Hello everybody! I just signed up today to this forum. Looks like there are lots of people that are willing to give good advice. I hope I can get some advice before I go see my friend.
My friend is in the US Navy getting stationed in Bahrain. We have been friends for over 20 years and he wants me to come and stay with him. I have some questions if I could hopefully get some answers. I am a Navy Veteran myself that has dual US and Canadian Citizenship. 

1) what is the longest I can stay in Bahrain as a US or Canadian Citizen?
2) If I am on a visitors visa could I talk to companies about getting work in Bahrain?
3) Do I have to have a physical and or health screening before I go visit?

I have other questions but just wanted to get this started. Thank you in advance for any advice you might be able to give me.


----------



## LesFroggitts (Dec 30, 2013)

DAVIDMH001 said:


> Hello everybody! I just signed up today to this forum. Looks like there are lots of people that are willing to give good advice. I hope I can get some advice before I go see my friend.
> My friend is in the US Navy getting stationed in Bahrain. We have been friends for over 20 years and he wants me to come and stay with him. I have some questions if I could hopefully get some answers. I am a Navy Veteran myself that has dual US and Canadian Citizenship.
> 
> 1) what is the longest I can stay in Bahrain as a US or Canadian Citizen?
> ...


Just had a quick look around the web...

1) 14 Days - Visa on arrival (fee may apply)
2) Yes
3) No


----------



## DAVIDMH001 (Jul 31, 2016)

Thank you!


----------



## DAVIDMH001 (Jul 31, 2016)

So could I use my US Passport for two weeks go to Dubai for a day or two then come back with my Canadian Passport?


----------



## LesFroggitts (Dec 30, 2013)

DAVIDMH001 said:


> So could I use my US Passport for two weeks go to Dubai for a day or two then come back with my Canadian Passport?


I believe that the visa on arrival, whichever passport you use to enter Bahrain on, would be a single entry visa.

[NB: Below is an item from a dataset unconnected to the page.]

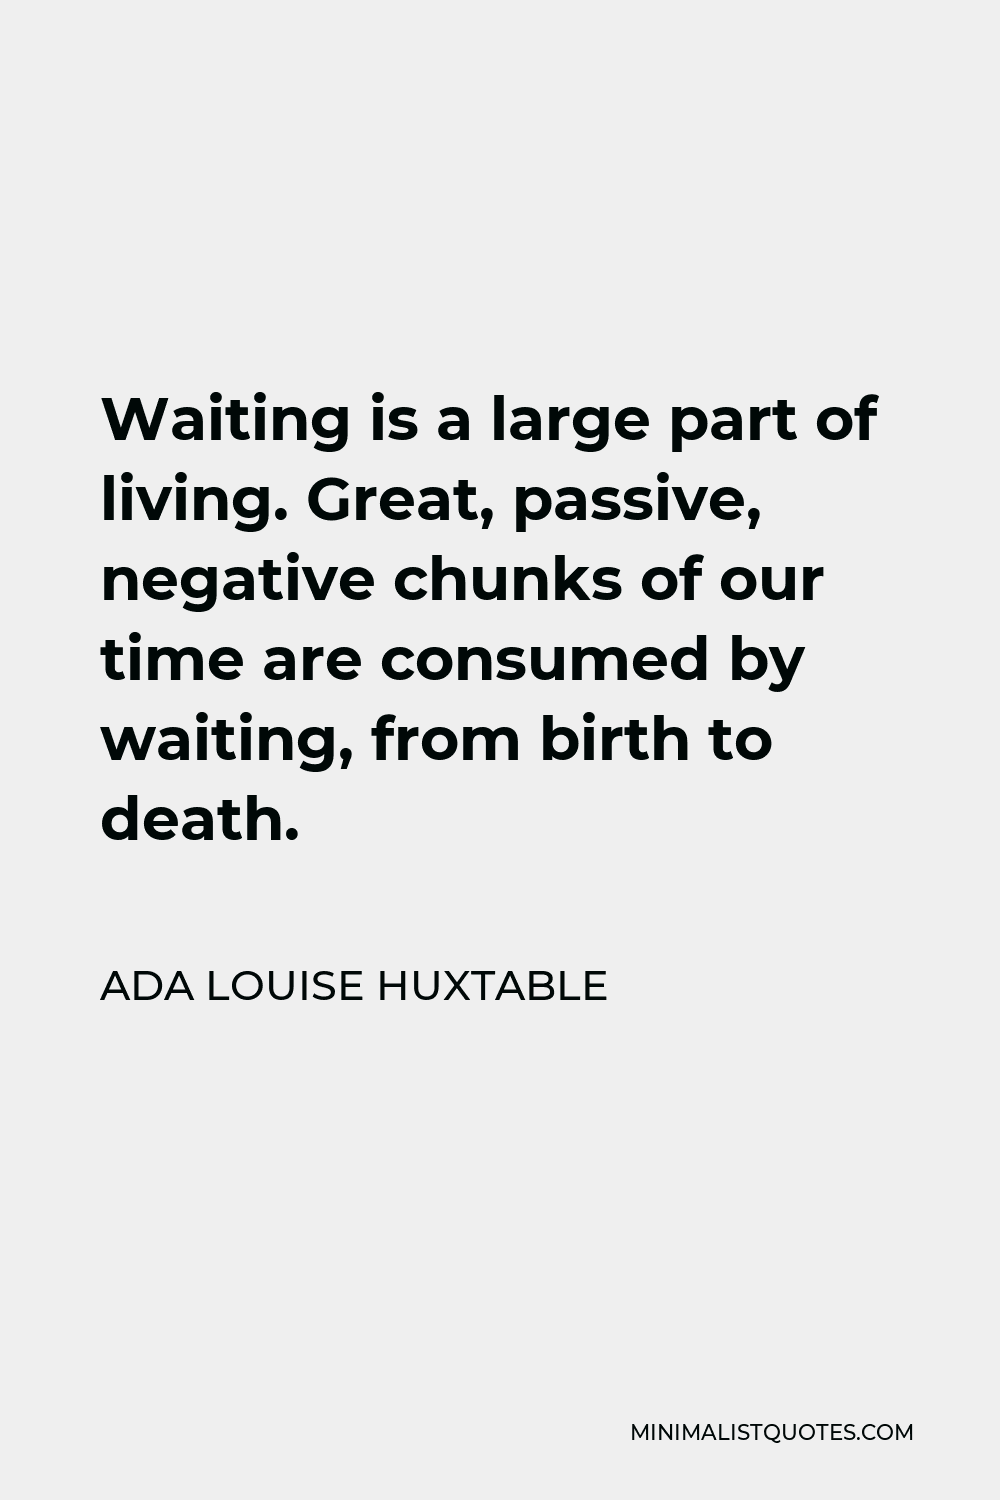 Ada Louise Huxtable Quote: Waiting is a large part of living ...
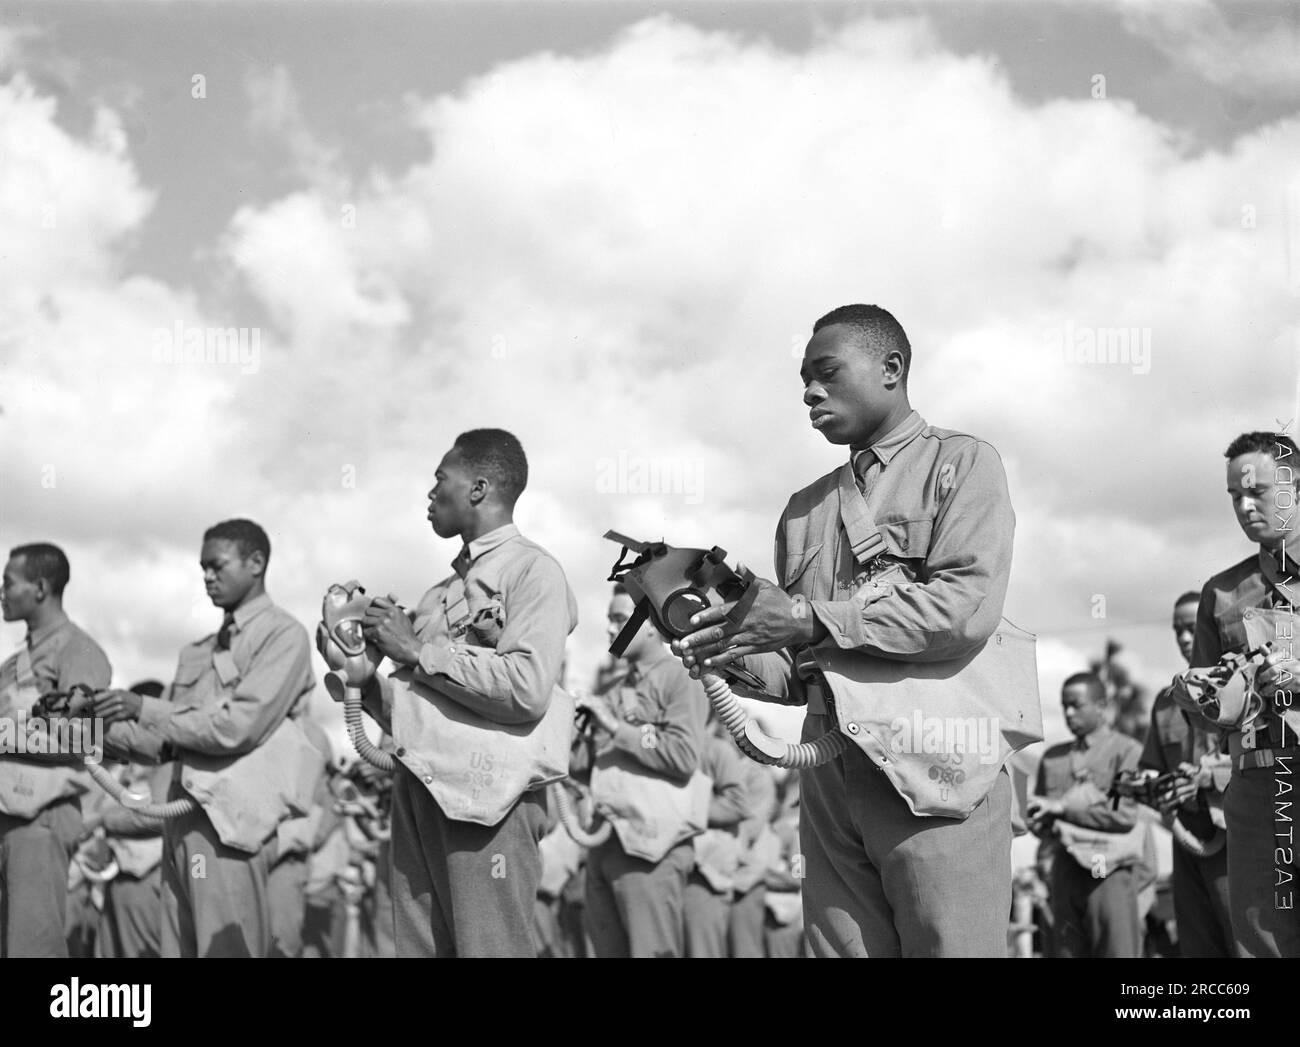 Soldiers of Company J, 41st Engineers, in gas mask drill, Fort Bragg, North Carolina, USA, Arthur Rothstein, U.S. Office of War Information, March 1942 Stock Photo

So if you depart Bahrain before the 14 days are up you would then need to obtain a new visa on arrival when re-entering Bahrain.

I would also be wary of whether or not Bahrain utilises bio-metrics, eye scan or fingerprint when entering, should you enter once on the Canadian then return using the US passport (or visa versa) the bio-metric reading may trigger a question.


----------